"Chemicalization" is a great term in Christian Science. It denotes the upheaval sometimes caused by change and progress. Mary Baker Eddy says it's not always pleasant, but it is a sign that things are on the move. Here's a selection of her thoughts on the subject (all from Science and Health).
What I term chemicalization is the upheaval produced when immortal Truth is destroying erroneous mortal belief. Mental chemicalization brings sin and sickness to the surface, forcing impurities to pass away, as is the case with a fermenting fluid. (p. 401)
The fermentation even of fluids is not pleasant. An unsettled, transitional stage is never desirable on its own account. (p. 65)
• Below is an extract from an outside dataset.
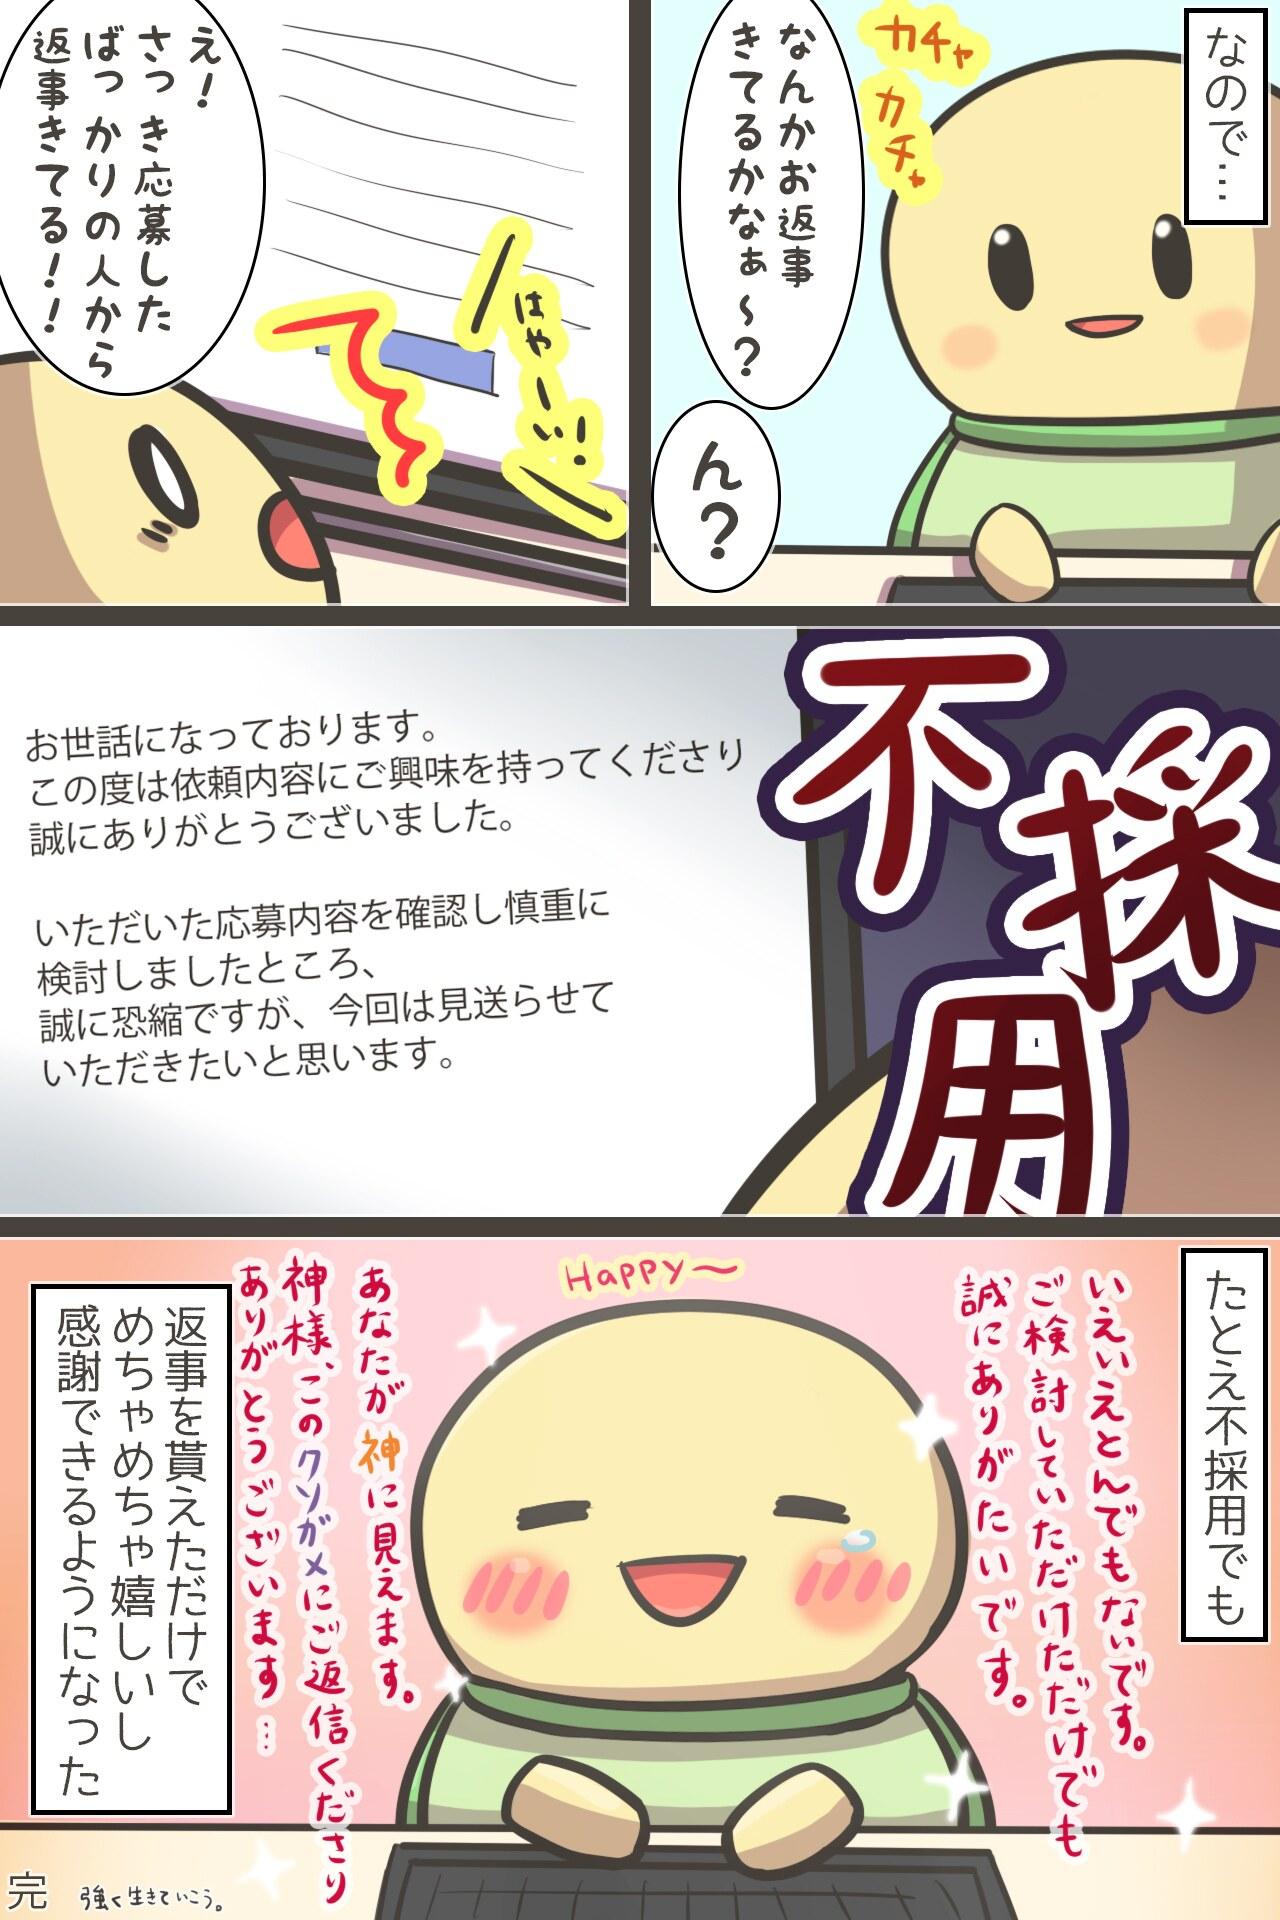 クラウドソーシングの漫画2

By chemicalization I mean the process which mortal mind and body undergo in the change of belief from a material to a spiritual basis. (p. 168)
I like the term and the concept because their clinical nature makes me feel unblamed for the shifts and changes my own progress sometimes cause. But the uncomfortable part of it—the unsettled feeling—motivates me to keep going until the change has fulfilled its promise.
It's not supposed to be pleasant. If it were pleasant, there we'd sit, basking in temporariness, always unfinished, floating aimlessly, too satisfied. It's being in that very uncomfortable boat that makes us pull for the shore.
So, I guess (I guess!), today I'm grateful that it's unpleasant. Being on the road to somewhere, even if it's a rocky road, at least means I’m moving forward.